CC BY-NC-ND 4.0 · Journal of Gastrointestinal and Abdominal Radiology
DOI: 10.1055/s-0042-1742679
Case Report

Large Solid Pseudopapillary Tumor Pancreas with Extensive Splenoportal Thrombosis and Malignant Transformation—A Rare Entity

Thara Pratap
1   Department of Radiology, VPS Lakeshore Hospital, Kochi, Kerala, India
,
Dhanya Jacob
1   Department of Radiology, VPS Lakeshore Hospital, Kochi, Kerala, India
,
Abhishek Yadav
2   Comprehensive Liver Care Institute, VPS Lakeshore Hospital, Kochi, Kerala, India
,
Muhammed Jasim Abdul Jalal
3   Department of Internal Medicine and Rheumatology, VPS Lakeshore Hospital, Kochi, Kerala, India
,
Iona Leekha Mathew
4   Department of Pathology, VPS Lakeshore Hospital, Kochi, Kerala, India
› Author Affiliations
Funding None.
 

Abstract

Solid pseudopapillary tumor (SPT) is an uncommon low-grade malignant cystic exocrine neoplasm of the pancreas that typically affects young women.
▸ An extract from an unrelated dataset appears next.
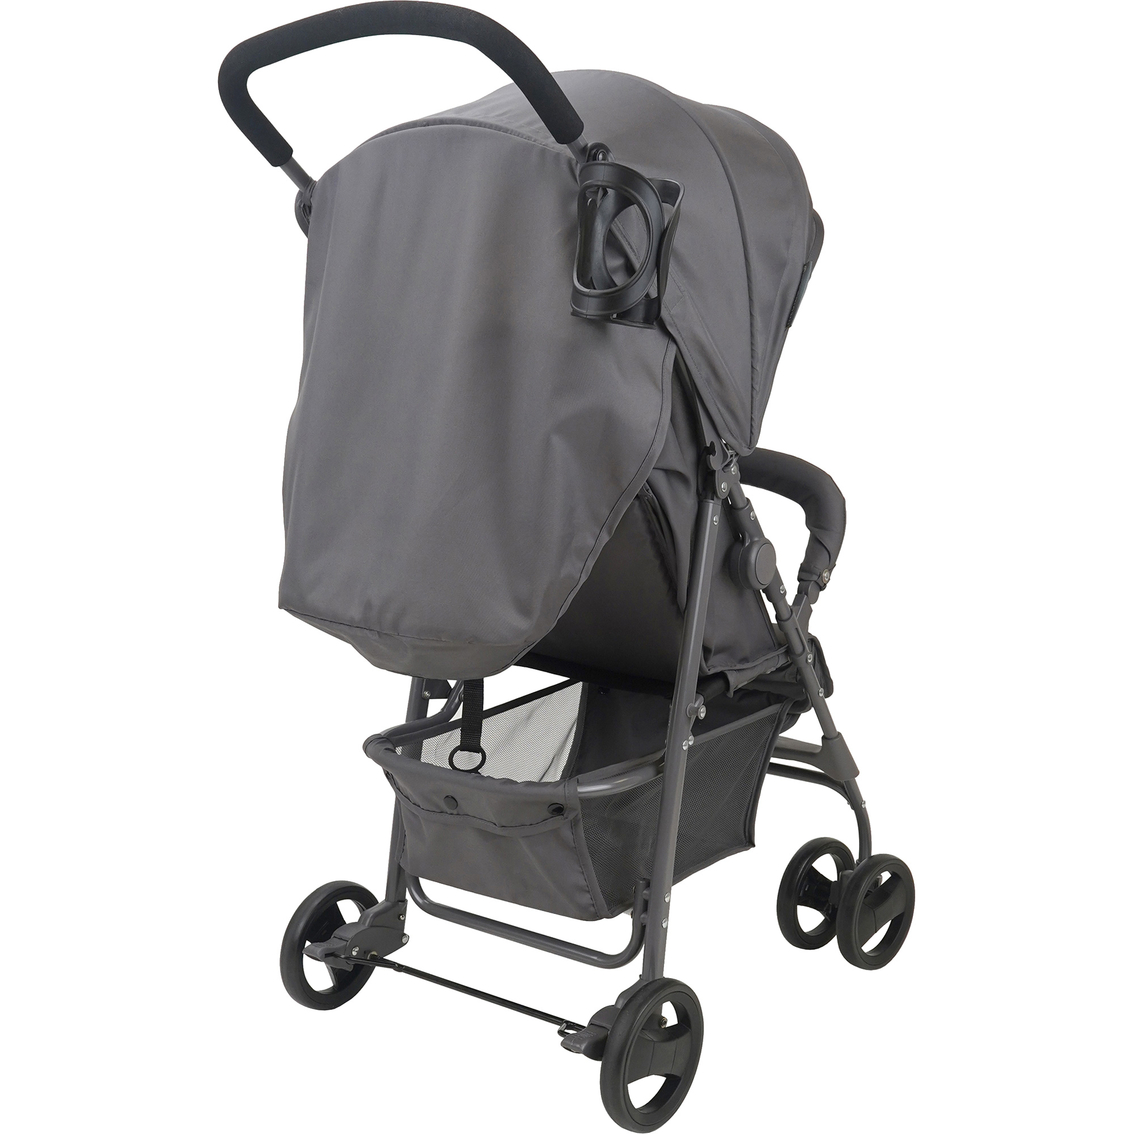 Shopee Lightweight Stroller with Extra Large Canopy - Image 2 of 5

The tumor has an excellent prognosis after surgical resection. Vascular involvement is usually not seen at presentation. Local recurrence and metastasis are also rare. Herein, we present a case of large, locally advanced SPT in a young female with splenoportal extension and malignant transformation.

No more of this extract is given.